_What is being asked_:
So that the copy matches the original, retype each line of the material below exactly.

* * * * * * * * *

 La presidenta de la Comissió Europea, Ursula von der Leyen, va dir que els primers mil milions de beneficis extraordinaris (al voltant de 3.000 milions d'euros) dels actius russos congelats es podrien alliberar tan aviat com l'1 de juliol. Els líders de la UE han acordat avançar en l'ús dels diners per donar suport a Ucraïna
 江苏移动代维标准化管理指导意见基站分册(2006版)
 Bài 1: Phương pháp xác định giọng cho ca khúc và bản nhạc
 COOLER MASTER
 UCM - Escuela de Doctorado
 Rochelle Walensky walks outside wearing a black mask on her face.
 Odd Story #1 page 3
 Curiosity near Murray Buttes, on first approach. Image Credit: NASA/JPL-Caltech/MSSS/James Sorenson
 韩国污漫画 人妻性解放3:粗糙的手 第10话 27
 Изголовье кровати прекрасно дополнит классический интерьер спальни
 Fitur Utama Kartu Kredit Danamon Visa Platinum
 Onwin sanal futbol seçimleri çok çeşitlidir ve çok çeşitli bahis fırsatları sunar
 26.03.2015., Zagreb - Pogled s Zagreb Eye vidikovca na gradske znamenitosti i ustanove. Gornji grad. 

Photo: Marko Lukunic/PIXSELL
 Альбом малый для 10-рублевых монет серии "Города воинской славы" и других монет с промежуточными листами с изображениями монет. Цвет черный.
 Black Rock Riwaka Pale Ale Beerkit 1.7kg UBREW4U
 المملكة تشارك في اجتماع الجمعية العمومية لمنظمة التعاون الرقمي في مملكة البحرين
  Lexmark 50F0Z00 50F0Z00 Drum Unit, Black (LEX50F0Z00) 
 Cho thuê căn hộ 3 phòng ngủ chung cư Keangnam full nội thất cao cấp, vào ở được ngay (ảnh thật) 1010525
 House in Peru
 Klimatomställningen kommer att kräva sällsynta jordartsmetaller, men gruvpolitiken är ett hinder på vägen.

* * * * * * * * *

_Result of this exercise_:
 La presidenta de la Comissió Europea, Ursula von der Leyen, va dir que els primers mil milions de beneficis extraordinaris (al voltant de 3.000 milions d'euros) dels actius russos congelats es podrien alliberar tan aviat com l'1 de juliol. Els líders de la UE han acordat avançar en l'ús dels diners per donar suport a Ucraïna
 江苏移动代维标准化管理指导意见基站分册(2006版)
 Bài 1: Phương pháp xác định giọng cho ca khúc và bản nhạc
 COOLER MASTER
 UCM - Escuela de Doctorado
 Rochelle Walensky walks outside wearing a black mask on her face.
 Odd Story #1 page 3
 Curiosity near Murray Buttes, on first approach. Image Credit: NASA/JPL-Caltech/MSSS/James Sorenson
 韩国污漫画 人妻性解放3:粗糙的手 第10话 27
 Изголовье кровати прекрасно дополнит классический интерьер спальни
 Fitur Utama Kartu Kredit Danamon Visa Platinum
 Onwin sanal futbol seçimleri çok çeşitlidir ve çok çeşitli bahis fırsatları sunar
 26.03.2015., Zagreb - Pogled s Zagreb Eye vidikovca na gradske znamenitosti i ustanove. Gornji grad. 

Photo: Marko Lukunic/PIXSELL
 Альбом малый для 10-рублевых монет серии "Города воинской славы" и других монет с промежуточными листами с изображениями монет. Цвет черный.
 Black Rock Riwaka Pale Ale Beerkit 1.7kg UBREW4U
 المملكة تشارك في اجتماع الجمعية العمومية لمنظمة التعاون الرقمي في مملكة البحرين
  Lexmark 50F0Z00 50F0Z00 Drum Unit, Black (LEX50F0Z00) 
 Cho thuê căn hộ 3 phòng ngủ chung cư Keangnam full nội thất cao cấp, vào ở được ngay (ảnh thật) 1010525
 House in Peru
 Klimatomställningen kommer att kräva sällsynta jordartsmetaller, men gruvpolitiken är ett hinder på vägen.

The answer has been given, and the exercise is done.